First a word about byte order. On modern systems, bytes are 8 bits wide. That means that to store a 16-bit number we need 2 bytes. Take for example the number 2021 = 7 x 256 + 229. It is stored as a combination as a high byte 7 and a low byte 229. There are two obvious ways to store the number 2021 in a byte file:

  1. on Little Endian systems, the low byte comes first: [ 229 | 7 ]. Intel/AMD-based computers systems and most ARM-based computer systems use a little endian byte order.

  2. on Big Endian systems, the high byte comes first: [ 7 | 229 ]. Many older computer systems such as IBM mainframes and SPARC/MIPS systems use a big endian byte order. The Java virtual machine also prefers big endian numbers, see for example Java's DataOutputStream.

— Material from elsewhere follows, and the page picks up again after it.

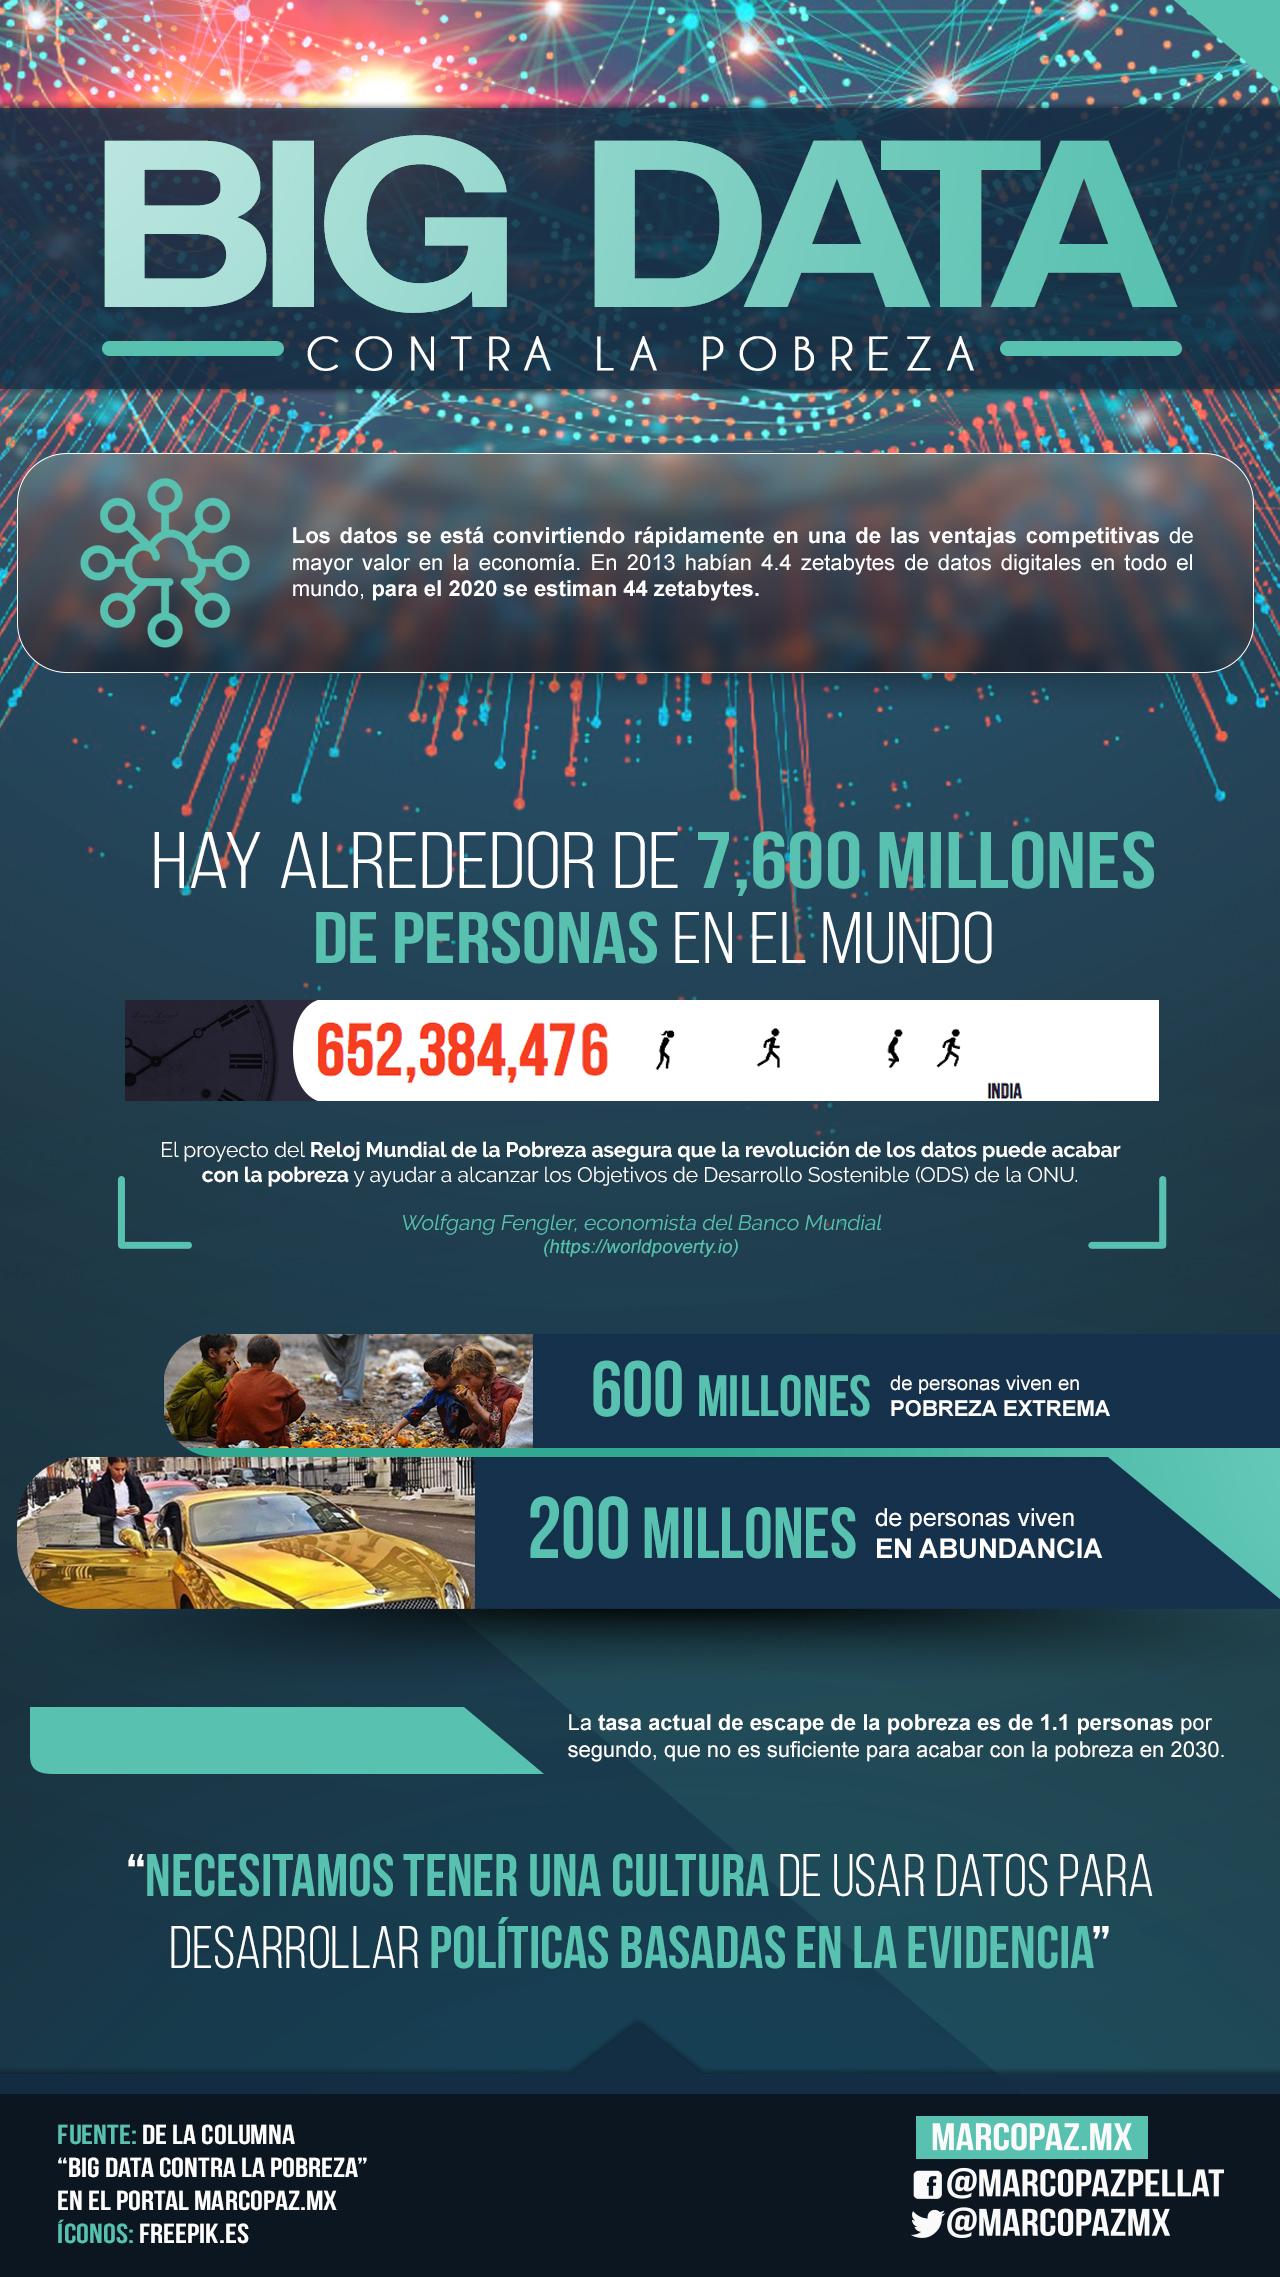 66_INFOGRAFIA_Big data contra la pobreza copy

In the first few words of the COPY BINARY INTO statement you can indicate the byte order of the incoming data: BIG ENDIAN, LITTLE ENDIAN and NATIVE ENDIAN, where native endian means the preferred byte order of the system MonetDB is running on. When omitted, native endian is assumed.

The byte width of the file for each numeric column depends on the data type:

SQL data typebyte width
tinyint1
smallint2
int4
bigint8
hugeint16, if supported
decimal(1..2,X)1
decimal(3..4,X)2
decimal(5..9,X)4
decimal(10..18,X)8
decimal(19..38,X)16, if supported
float(24)4
float(53)8

The NULL representation for the integers and decimals has 0x80 in the highest byte and 0 in the other bytes. When interpreted as a signed integer, this byte sequence is just outside the range for the corresponding SQL integer. For example, when reading little endian smallint values, the bytes [ 00 80 ] are interpreted as the signed integer -32768 which falls outside smallint's supported range of -32767..+32767.

The NULL representation for floating point values is any not-a-number (NaN) value.

Text data layout

For text columns (VARCHAR(*), STRING, TEXT) and text-like datatypes such as URL, the file should contain the concatenated values, each followed by a NUL byte. That is, the values are NUL-terminated, not NUL-separated. The text encoding MUST be UTF-8.

The NULL representation for textual columns consists of the single byte \x80. This is not valid UTF-8 so it cannot be confused with a value.

Temporal types

Temporal types are represented as small structured values consisting of several small integers holding the day, the hour, the month, etc. The exact layout is defined in the C header file monetdb/copybinary.h provided with MonetDB and reproduced below:

typedef struct {
	uint8_t day;
	uint8_t month;
	int16_t year;
} copy_binary_date; // natural size: 32, natural alignment: 16

typedef struct {
	uint32_t ms;
	uint8_t seconds;
	uint8_t minutes;
	uint8_t hours;
	uint8_t padding; // implied in C, explicit elsewhere
} copy_binary_time;		 // natural size: 64, natural alignment: 32

typedef struct {
	copy_binary_time time;
	copy_binary_date date;
} copy_binary_timestamp; // natural size: 96, natural alignment: 32

The day and month fields are 1-based.

Any invalid value, such as month=32, is treated as a NULL.